Teenager takes to the skies on round-the-world record bid

AFP
Teenage pilot Zara Rutherford took her ultralight sports plane into the skies yesterday on the first leg of a 52-country, five-continent flight around the world.
AFP

Teenage pilot Zara Rutherford took her ultralight sports plane into the skies yesterday on the first leg of a 52-country, five-continent flight around the world.

The intrepid 19-year-old British-Belgian dreams one day of becoming an astronaut, but for now her goal is to become the youngest woman to circumnavigate the planet flying solo.

The first leg was a short hop across the Channel from her Belgian home town of Kortrijk to England. Her 3-month trip will then take her over oceans, deserts and the vast Siberian wilderness.

She will try to avoid daunting main air hubs – apart from New York's busy JFK airport – in her tiny 325-kilogram Shark UL prop plane, and touch down instead on smaller airports and airfields for overnight rests and refuelling.

She will be on her own for flights lasting five to six hours.
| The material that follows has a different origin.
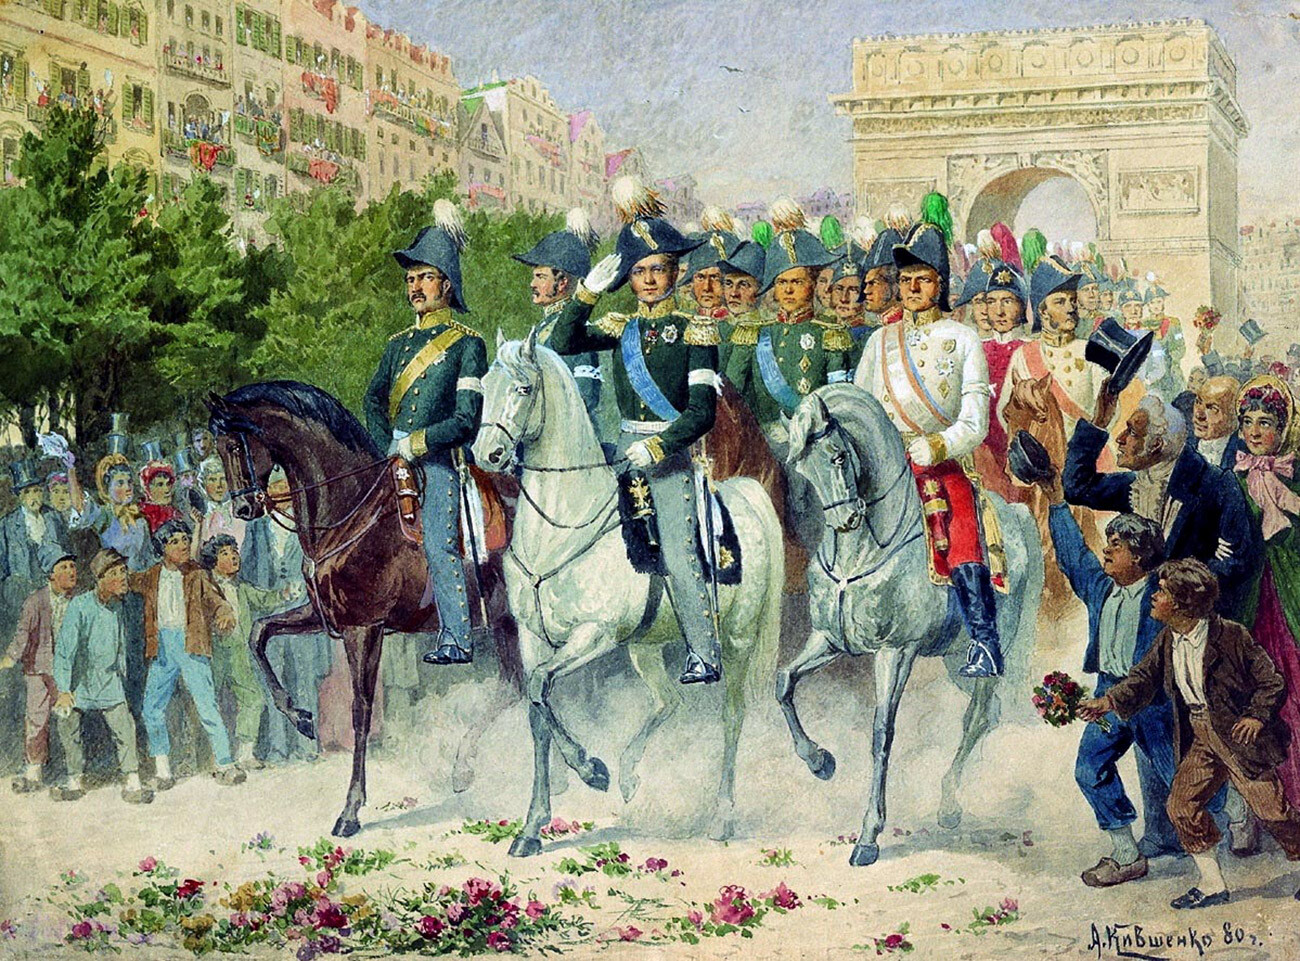 “Le truppe russe entrano a Parigi nel 1814”

She has secured permission to visit countries including Greenland, Honduras, Saudi Arabia and Myanmar.

While not the youngest pilot to fly around the world solo – 18-year-old Briton Travis Ludlow, completed the trip in July – Rutherford is the youngest woman to attempt the feat.

"I'm really hoping to encourage girls and young women to go into aviation and STEM – science, technology, engineering and mathematics," she said before take-off.

"Growing up, I didn't see many women in those fields and it was quite discouraging. So I'm hoping to change that."

Her aerial odyssey can be followed on Rutherford's website, FlyZolo.com, and on the TikTok social media app.

Rutherford has a satellite telephone and a radio to communicate with air traffic control in all the countries on her route.

But in the cockpit she will be alone with her music and her podcasts.